Proteolytic cleavage of glucagon-like peptide-1 by pancreatic β cells and by fetal calf serum analyzed by mass spectrometry

Abstract

Fetal calf serum and a β-cell line exhibit a proteolytic activity essential for the biological function of glucagon-like peptide-1 (GLP-1). This process of cleavage was investigated using matrix-assisted laser desorption ionization time-of-flight mass spectrometry (MALDI-TOF-MS). To generate processing products, GLP-1 was subjected to rat insulinoma m5F (RINm5F) cell cultures or to fetal calf serum (FCS).
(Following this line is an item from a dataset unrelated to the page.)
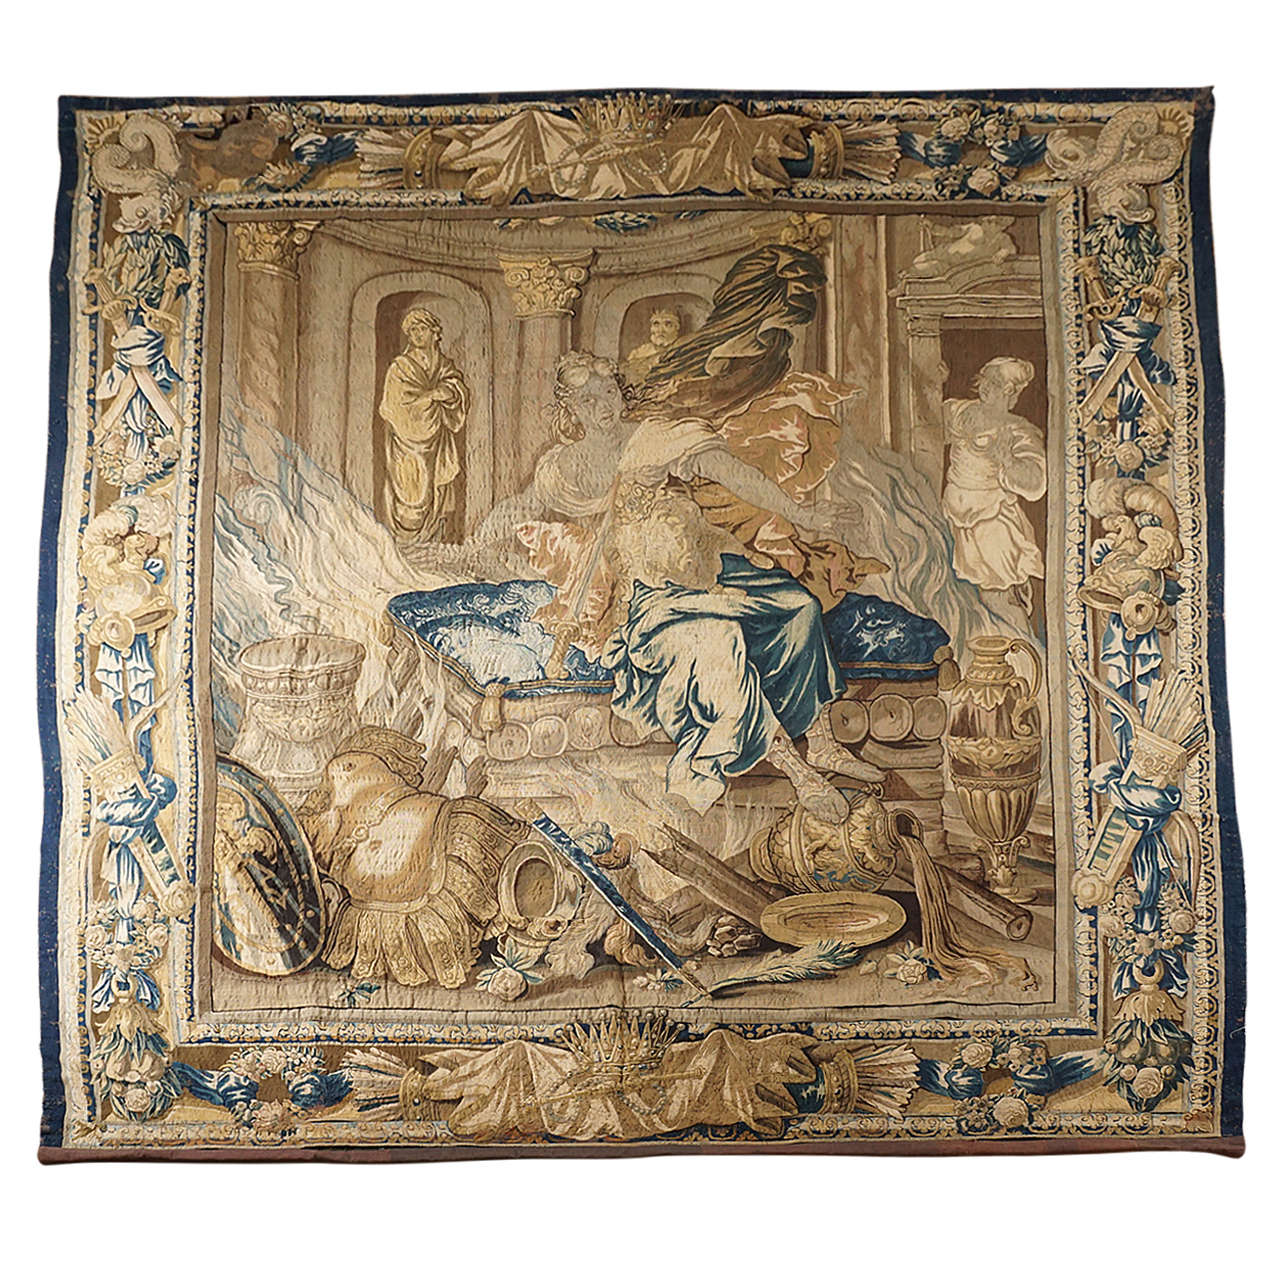 Aubusson Mythological Tapestry, Second Half of the 17th Century

For detection of processing products, a standardized extraction method including ion-exchange batch extraction, ultrafiltration, gel filtration, and reversed-phase chromatography was used. The RP fractions were analyzed by MALDI-TOF-MS. Processed proteolytic products were detected by comparing the resulting mass spectra of cell media or FCS after 2 h incubation with GLP-1 (7–36) amide with these of 2 h controls. To perform the comparison of the resulting mass spectra, software (massspecanalyst) based on Microcal Software, Origins C-like language labtalk was developed. GLP-1 fragments were purified by RP-HPLC, and characterized by sequence analysis. As insulin is the major secretory product of β cells depending on GLP-1 stimulation, the insulin and insulin fragments of the cell culture supernatants were also analyzed by this method.